An extensive requirements definition effort leaves no patience or budget for the real hard work and the real key to success.
Herewith a radical proposition: the least useful requirement for a successful software acquisition project is a set of requirements. This seems pretty radical, doesn’t it? How can this be true, when developing requirements is in all the standard technology and consulting teachings?
I can support this proposition in two ways:
1) the usual method for gathering, documenting, quantifying and evaluating requirements for clinical research software is deeply flawed and expensive
2) the focus on functional requirements distracts from other, equally or more important evaluation criteria, and drains resources away from the implementation efforts needed after software selection.
A Fatal Assumption
Typical software development or selection methods require that internal or external personnel go out and interview staff in the departments projected to use the new tool about what they “need”. From this, using various methodologies, a list of requirements (sometimes even in three-tiers of detail) is delineated, often with admirable complexity and at great length. Some method is used to sift through these requirements, prioritize them and document them elegantly. Almost always, such an effort takes many months, many meetings and many iterations. Lots of money, in other words. And why does it take so long? Because so many opinions are being solicited and the myriad inputs must be reconciled. And this is just the tip of the iceberg of a traditional software description and evaluation effort.
Worse yet, neither solutions nor needs articulated by those working in the functions being supported by this effort take into account the business strategy of the organization, the context of the work in the larger enterprise, or how conditions will change in the future. Instead the typical method jumps right down into “I’d like my safety tool to be able to spell-check the case narrative,” or “my status summary in my EDC tool should use checkmarks instead of stoplights.”
The development of software applications requirements is not trivial nor should it be, if one is developing software from scratch (from where this method came). But as one hears from every biopharmaceutical company, “we are not in the software business,” by which they mean they want to buy software “off-the-shelf” and not develop and maintain software internally. And in our narrow, limited marketplace of clinical research IT (as distinct from, say, office automation, bookkeeping systems or iPhone apps), there is little to choose from in any one niche (EDC, ePRO, CTMS, AES, etc.). So here is the chain: We are not a software company = off the shelf tools for clinical research = little choice = requirements not required.

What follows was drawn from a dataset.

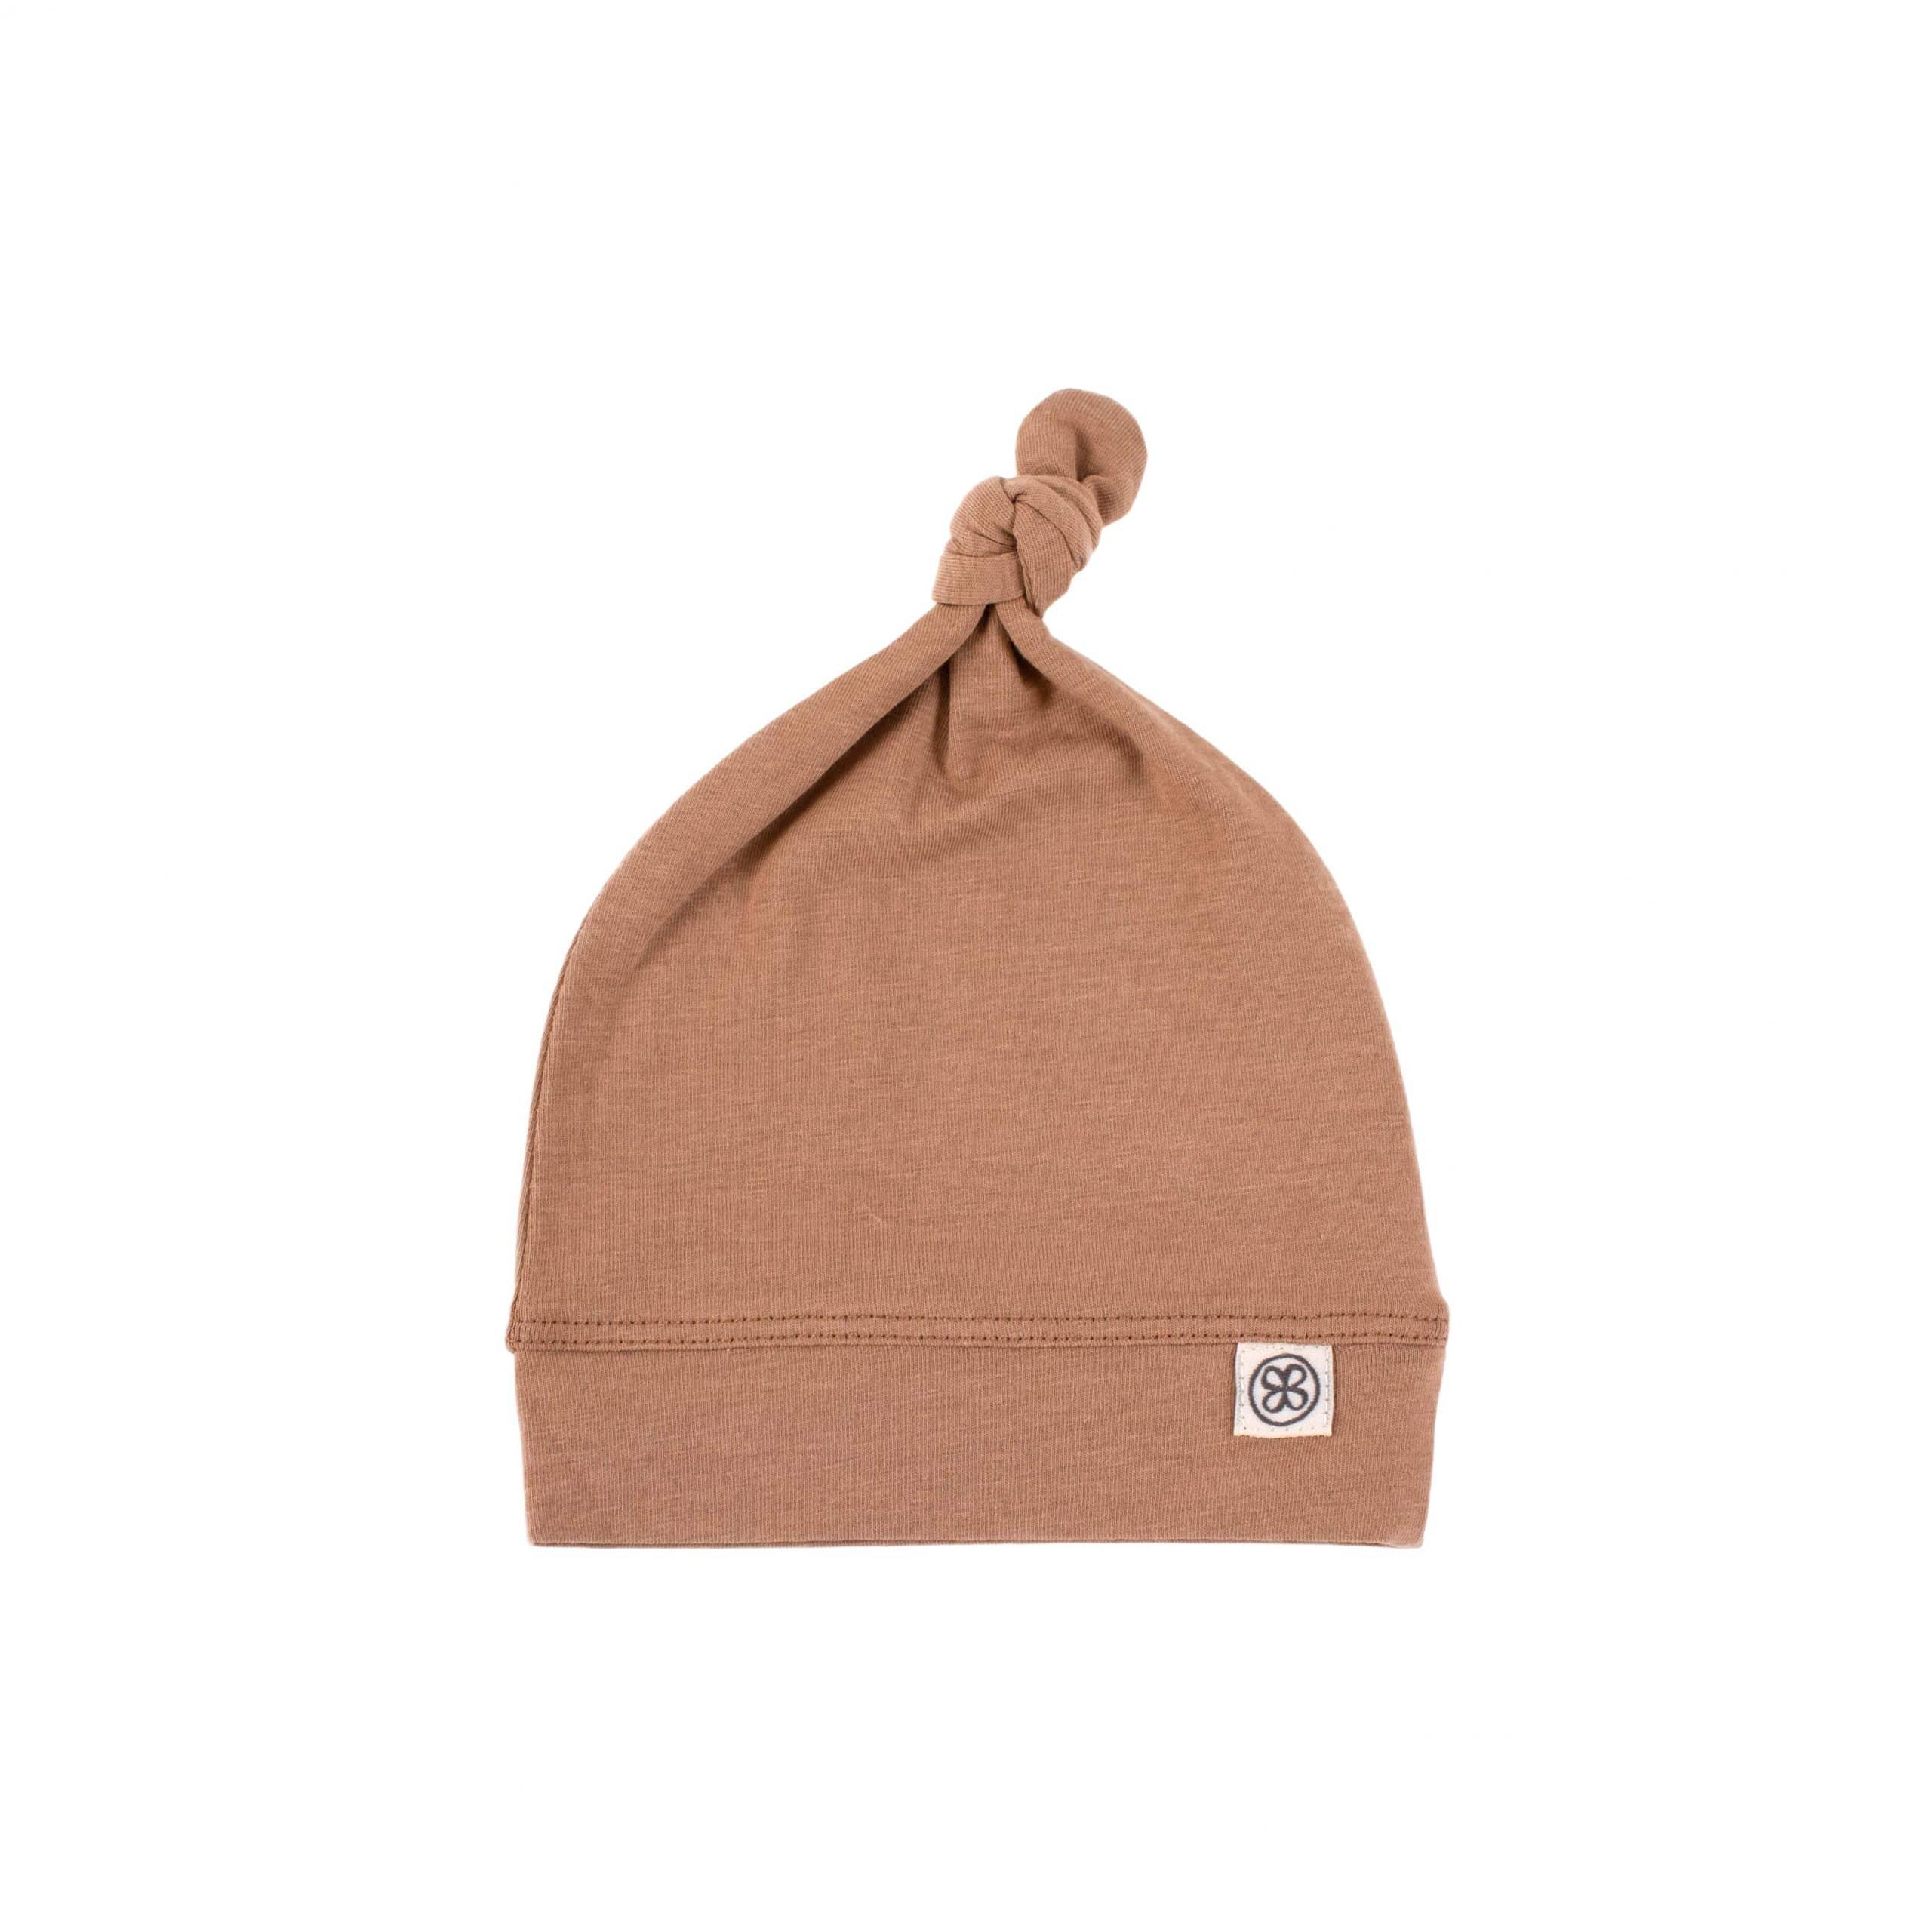 Mütze mit UV-Schutz (UPF 50+) braun (Gr. 50-56)

Why is this the logical chain? Because choosing software off-the-shelf is an entirely different process than software development. By definition, we have to make do with what is out there, and choose among them. The task is to figure out how to differentiate among a handful of vendors. But requirements to the detail usually generated by traditional methods either:
• Are met by all relevant vendors
• Aren’t met by any vendor; or
• Aren’t likely to be developed by any vendor soon enough to properly influence the off-the-shelf purchase.
In other words, you will not differentiate one vendor from another based on all that work you paid for, so why bother?
Worse still is the usual wrap-up to the standard requirements development process, when artificial quantification methods are applied with the aura of scientific rigor for concluding that Vendor A meets Requirement #64 to a score of 3.76, versus Vendor B’s score of 3.24. Are you really going to make a decision on this basis? What does these values mean? Did you have one of your biostatisticians in the room when you used this method? Why are we not embarrassed, in an industry whose livelihood is based on determining false from true statistical measures of outcomes, when we do not apply the same attitude to other uses (or misuses) of statistics?
A Waste of Focus
Traditional requirements development is equally deleterious for its impact on what is more important in our clinical research software projects. Requirements development is so expensive and time-consuming, it saps the budget and the enterprise’s energy to the point that we are gasping as we cross the requirements finish line. But that’s the problem – it is by no means the finish line for getting useful software in the hands of the users who need it.
First of all, functional and technical requirements ignore what is at least as important to our software selection, if not more so: is this vendor a good match for us? Do we like/trust working with them? Does their business strategy match our business strategy? What about our respective future directions?
For instance, what is the larger enterprise context for the need expressed by users for, for instance, real-time access to a monitor’s Site Visit Report? If the research sponsor is in a specialized therapeutic area with a limited pool of poor performing investigators, this need is critical. If not, is this just a “nice to have”?
Most damaging to the successful use of the software being considered is that an extensive requirements definition effort leaves no patience or budget for the real hard work and the real key to success: a well-designed, thoroughly executed implementation plan, which should encompass the gamut from project leadership to process definition to training and organizational psychology.
Our responsibility as clinical researchers is to ensure not only that we have the tools to do our work accurately and competitively, but to ensure that how we acquire these tools is properly focused. Traditional requirements gathering is not required; what is required is understanding why you are getting the software and how to implement it.